Charity is personal
A sole proprietor's contribution to a charity is reported on Schedule A as an itemized deduction, subject to AGI limits (60% of AGI for cash contributions to public charities, lower limits for non-cash and certain other categories). The Schedule C business does not deduct the donation.
Sponsorship is business
A "sponsorship" — paying for ad space in a charity program, a banner at a charity event, sponsoring a youth sports team with your business name on the jerseys — is an advertising expense, deductible on Schedule C line 8 ("Advertising"). The primary motive must be business promotion; the charitable benefit is secondary.
Why this matters
The Schedule C deduction reduces both income tax and self-employment tax. The Schedule A charitable deduction reduces only income tax (and only if you itemize). For a sole proprietor, the same dollar spent on a sponsorship vs a charity check can produce 30%-50% more total tax savings as a business expense.
Substantiation
A charitable contribution needs a written acknowledgment from the charity for any donation of $250 or more. A sponsorship needs the same business-expense substantiation as any advertising — invoice from the recipient, evidence of the business promotion (logo placement, ad copy, banner photo), and documented business connection.
Be careful with structure
Don't double-dip. A single $1,000 payment can be either a charitable contribution OR an advertising expense, but not both.

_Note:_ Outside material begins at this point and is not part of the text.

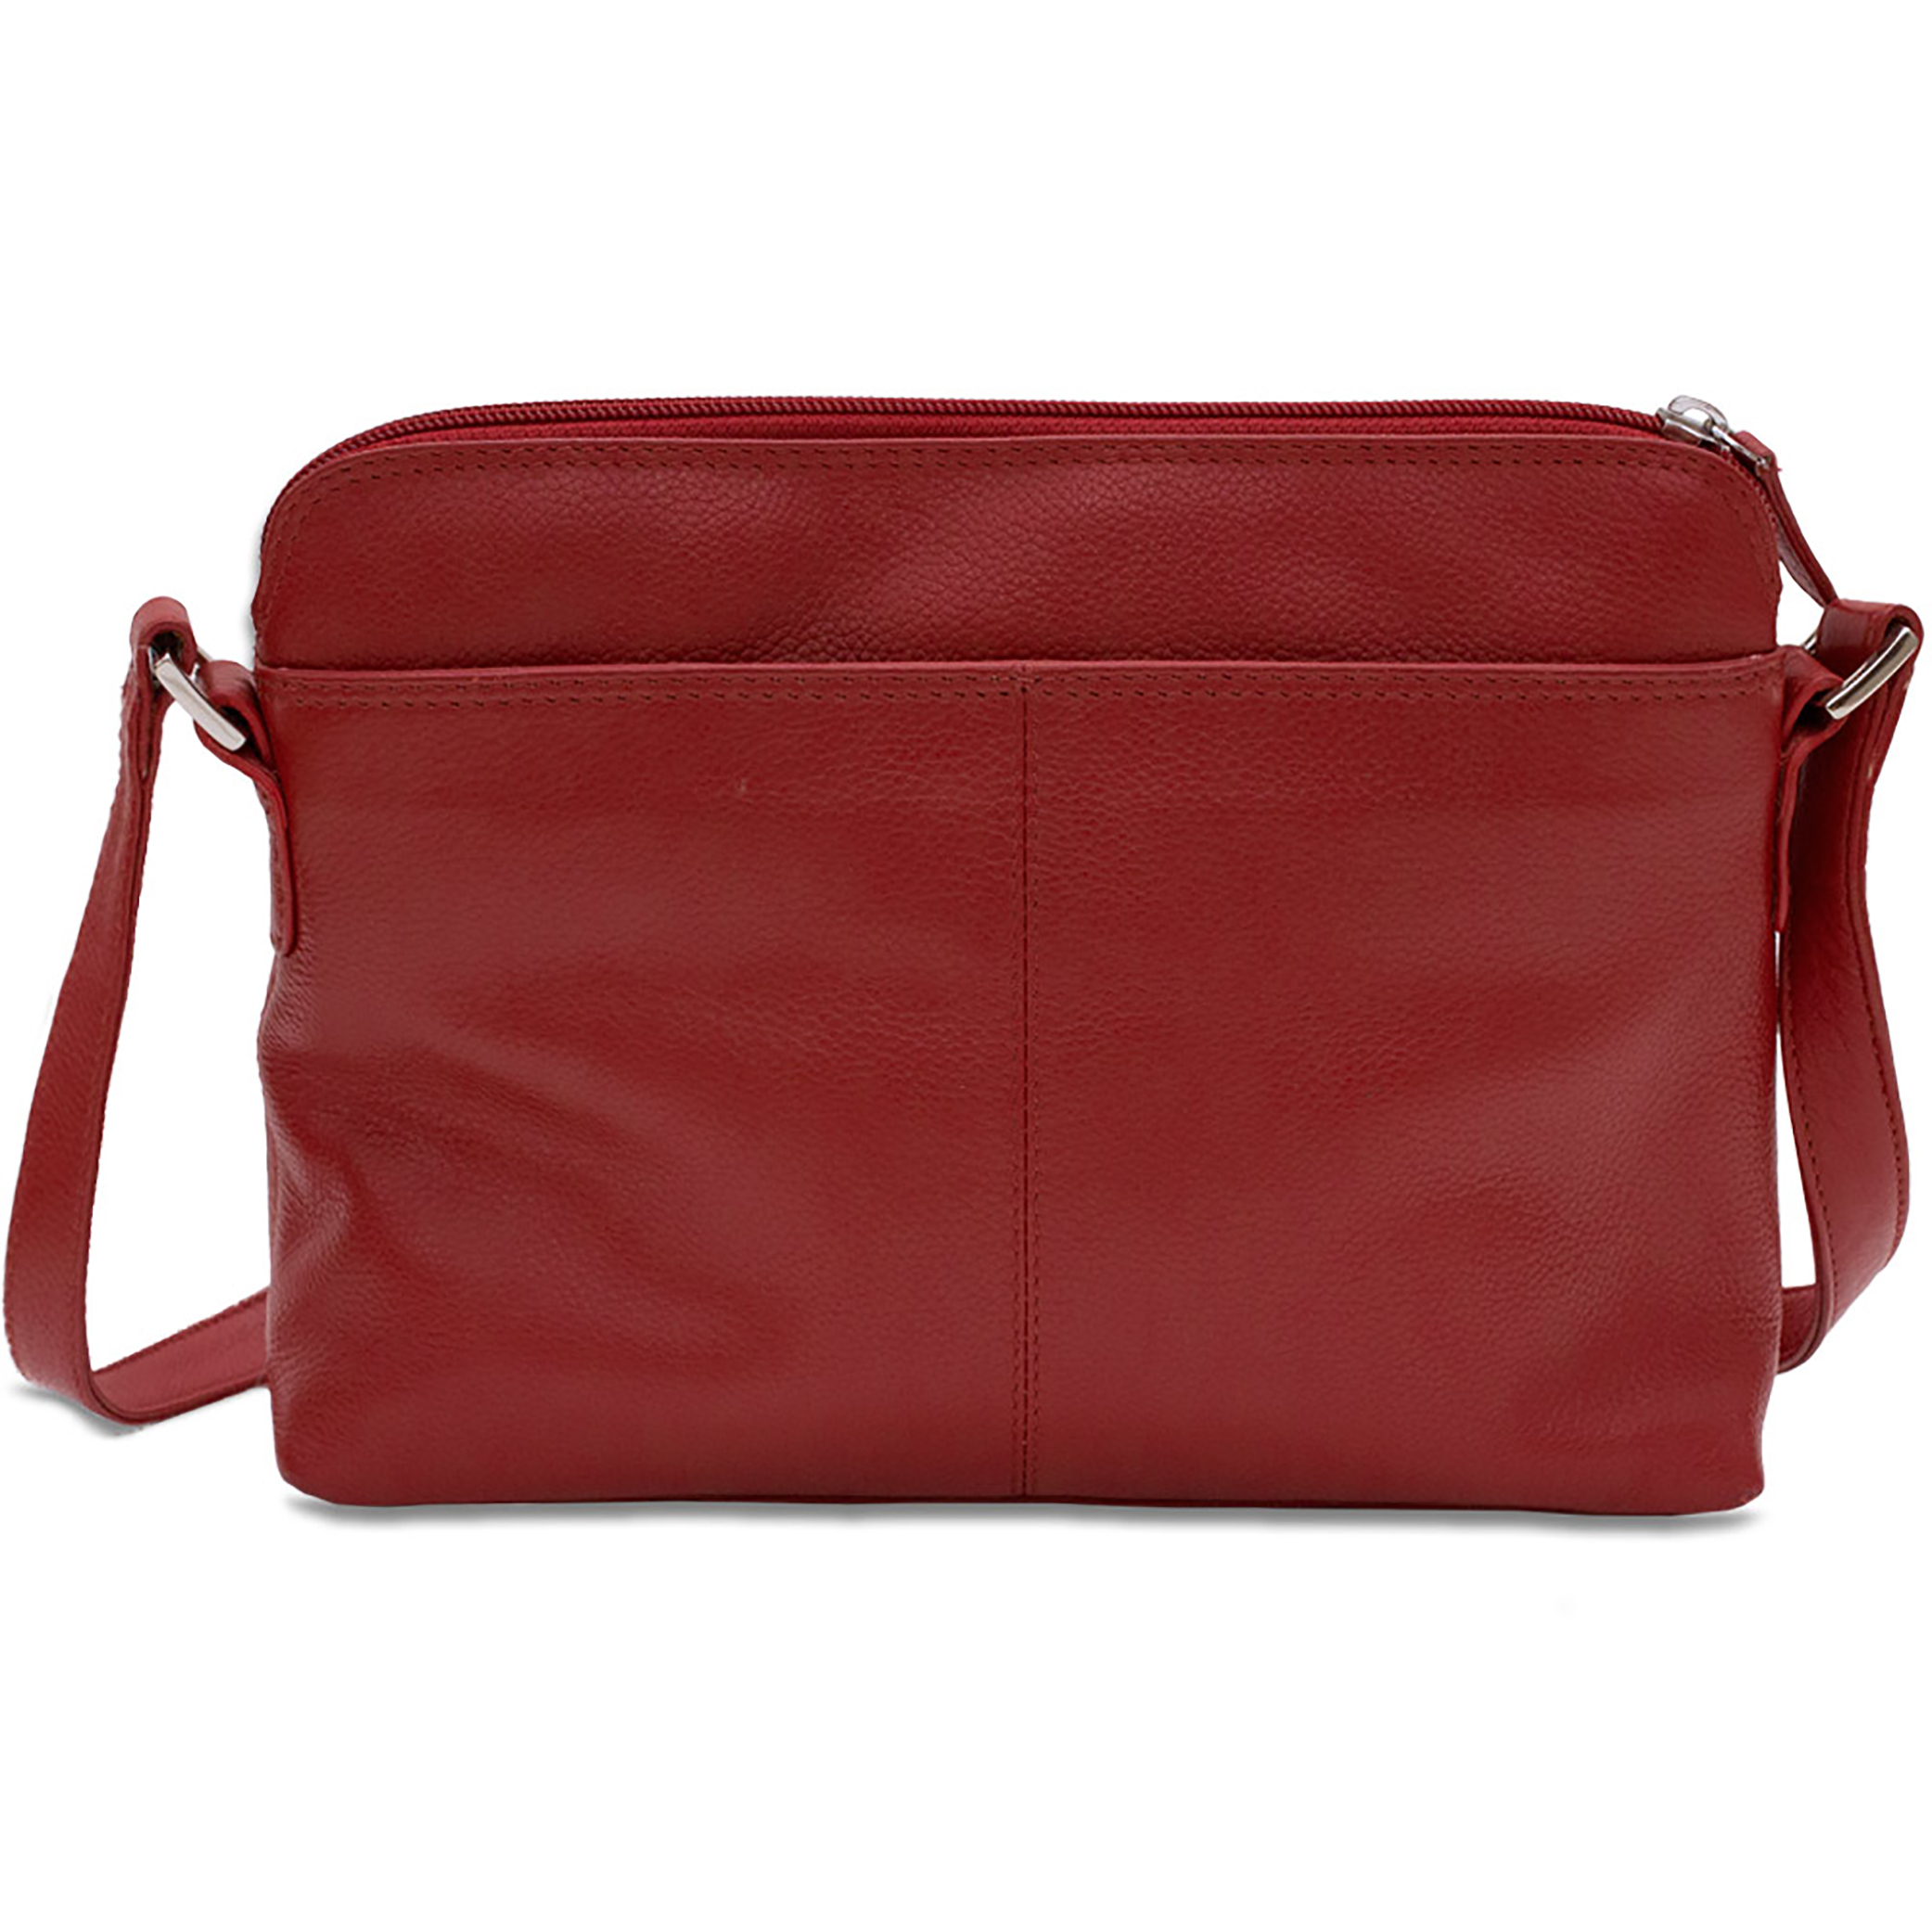 ILI 6333 Leather Shoulder Handbag

Choose the characterization that produces the better tax result and document accordingly.
Where the IRS publishes guidance on this topic
The IRS publishes a layered set of free resources on most small-business tax topics: a relevant publication (usually one of Pub 334, 463, 535, 587, 946, 560, or 583), the instructions to the relevant form, the "Small Business and Self-Employed Tax Center" landing pages on IRS.gov, and the Audit Techniques Guides written for IRS examiners. Reading the agency's own materials is the cheapest tax education available. They are written in plain English, updated annually, and they reflect exactly the framework an examiner will apply if your return is selected.